Will do. Working from Cusco for a few days, so a bit less effectively for multiple reasons!
Changed accounting for borrowing in make_cldf command.
Was more 'interesting' than I thought it would be since overall forms are censored for whether they have concepticon_gloss. So I counted only forms with concepticon gloss and used this as the base for borrowed proportion calculation. Now calculation of proportion of borrowed is consistent with results return for such calculation over the wordlist by language (and overall).
I can of course reverse this if this consistency is less important than the gross measure of borrowing. I did want to at least examine discrepancy in form counts, which I report here.

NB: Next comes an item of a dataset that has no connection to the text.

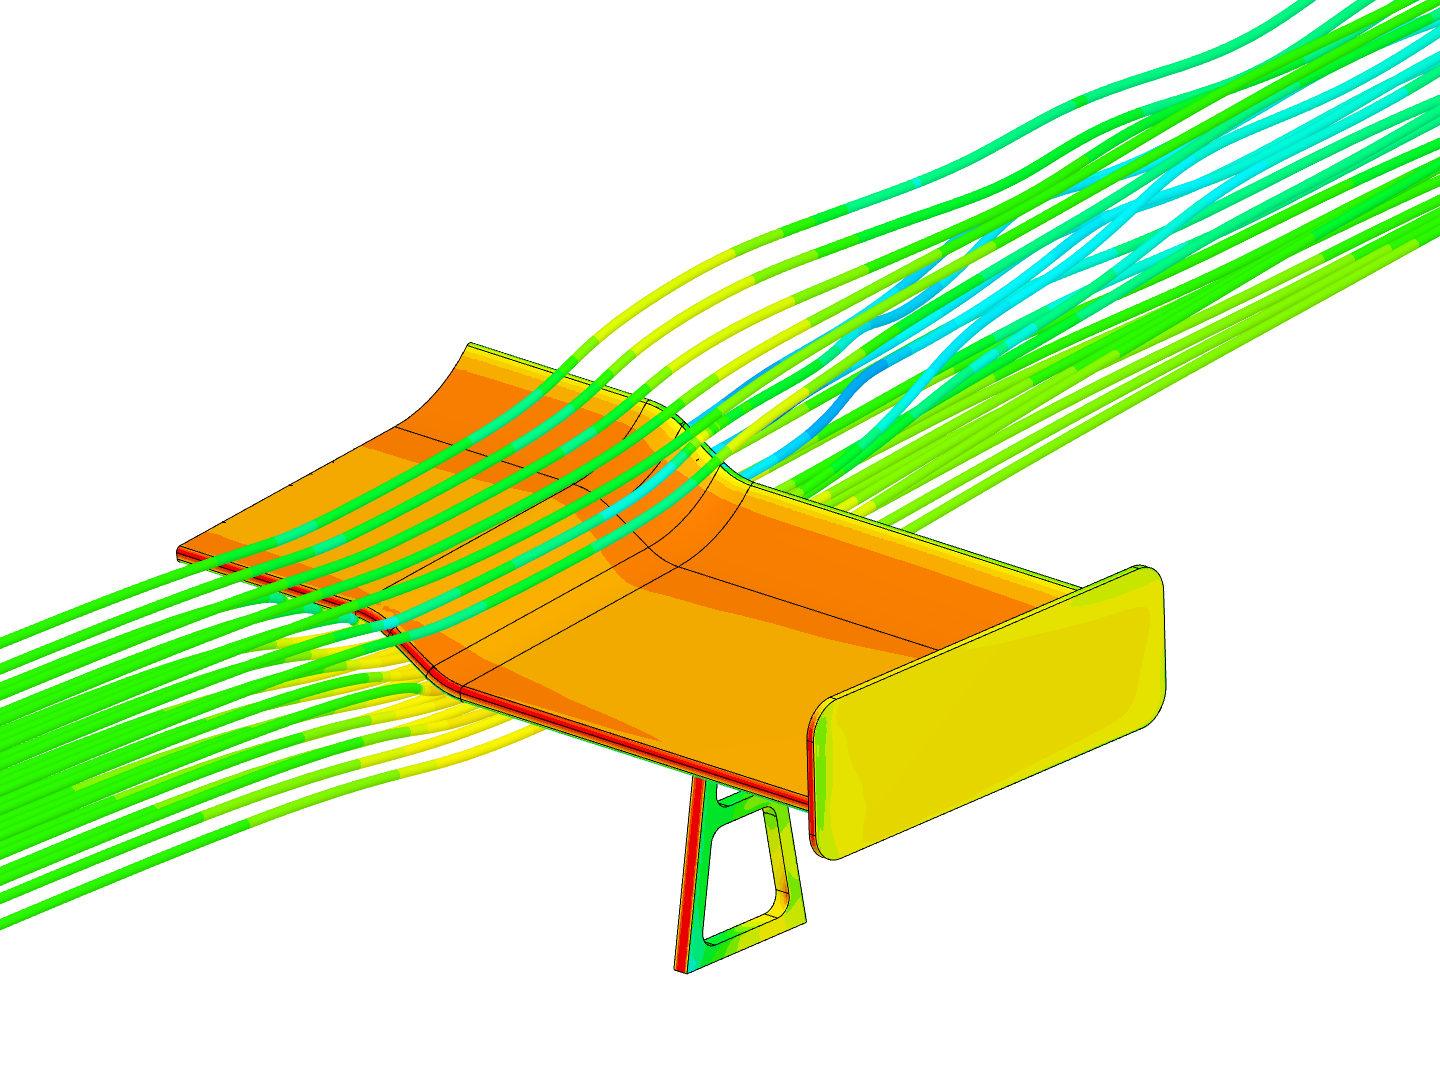 coursera air flow around a GT car spoiler image

There is more difference due to censoring for not having concepticon gloss than for our borrowing score definition.
I printed out the different counts of all forms versus forms with concepticon glosses during make_clf:
cldfbench lexibank.makecldf lexibank_sabor.py
INFO running _cmd_makecldf on sabor ...
INFO loaded borrowings
INFO:lingpy:loading wold
loading forms for wold: 100%|█████████████████████████████████████████████████████████████████| 64289/64289 [00:04<00:00, 12990.95it/s]
INFO:lingpy:loading ids
loading forms for ids: 100%|████████████████████████████████████████████████████████████████| 454145/454145 [00:08<00:00, 51723.55it/s]

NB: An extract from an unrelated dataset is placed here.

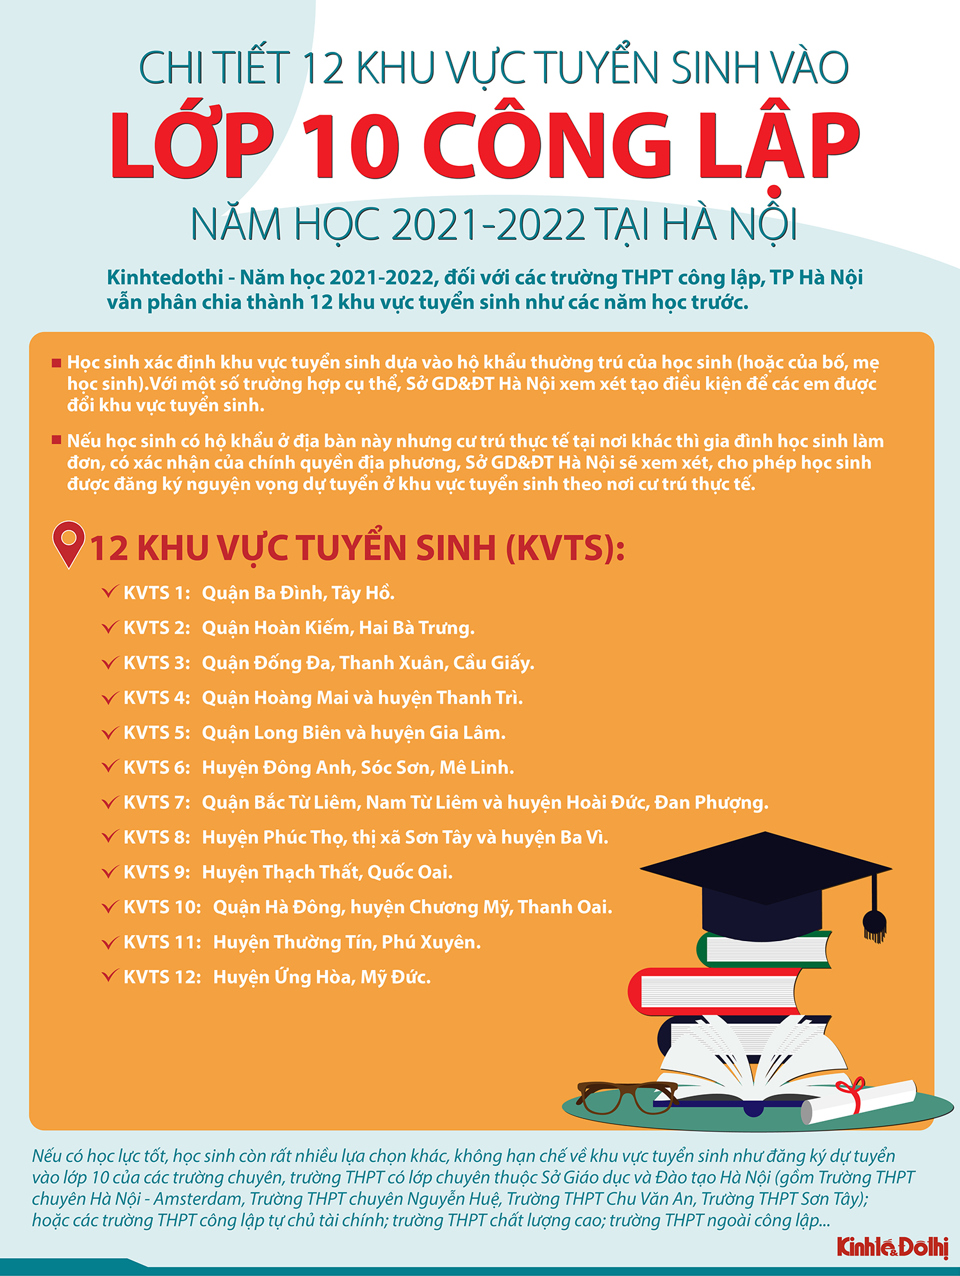 [Infographic] Chi tiết 12 khu vực tuyển sinh vào lớp 10 công lập năm học 2021 - 2022 tại Hà Nội - Ảnh 1

INFO:lingpy:loaded wordlist with 1489 concepts and 370 languages
INFO added ['ids-Spanish']
======
Added: name Yaqui, language wold-Yaqui
INFO Yaqui all forms 1615, forms with concepts 1433, borrowed 311, prop 0.21702721563154223; forms no concepts 7
Added: name Zinacantán Tzotzil, language wold-ZinacantanTzotzil
INFO Zinacantán Tzotzil all forms 1413, forms with concepts 1266, borrowed 165, prop 0.13033175355450238; forms no concepts 1
Added: name Q'eqchi', language wold-Qeqchi
INFO Q'eqchi' all forms 1995, forms with concepts 1773, borrowed 161, prop 0.09080654258319233; forms no concepts 2
Added: name Otomi, language wold-Otomi
INFO Otomi all forms 2558, forms with concepts 2241, borrowed 198, prop 0.08835341365461848; forms no concepts 2
Added: name Imbabura Quechua, language wold-ImbaburaQuechua
INFO Imbabura Quechua all forms 1319, forms with concepts 1156, borrowed 300, prop 0.25951557093425603; forms no concepts 23
Added: name Wichí, language wold-Wichi
INFO Wichí all forms 1361, forms with concepts 1219, borrowed 152, prop 0.12469237079573421; forms no concepts 1
Added: name Mapudungun, language wold-Mapudungun
INFO Mapudungun all forms 1412, forms with concepts 1242, borrowed 190, prop 0.1529790660225443; forms no concepts 48
=====
INFO file written: /Users/johnmiller/ling/sabor-installs/sabor/cldf/.transcription-report.json
INFO Summary for dataset /Users/johnmiller/ling/sabor-installs/sabor/cldf/cldf-metadata.json
- **Varieties:** 8
- **Concepts:** 1,308
- **Lexemes:** 12,100
- **Sources:** 0
- **Synonymy:** 1.30
- **Invalid lexemes:** 0
- **Tokens:** 72,550
- **Segments:** 112 (0 BIPA errors, 0 CTLS sound class errors, 112 CLTS modified)
- **Inventory size (avg):** 39.38
Here is the snippet of code from lexibank_sabor.py that counts the number of forms:
borrowed = sum(
[1 for form in language.forms_with_sounds
if borrowings.get(form.id[5:], [""])[0] == "Spanish" and
float(form.data["Borrowed_score"]) > BOR_CRITICAL_VALUE and
form.concept and form.concept.concepticon_gloss in concepts])
Based on the original code creating forms.
Nice. I can redo the map in HTML and we can use that in some form in the paper, adding larger labels manually, maybe.
In order to do that, we need to do the following:
etc/languages.tsv
or on the fly tocldf/languages.csv
The only question is what to make with Spanish in our sample. We want a map that showing only a specific region. If one does a HTML map, one can make a screenshot, which may be good enough. If not, one needs to define the borders.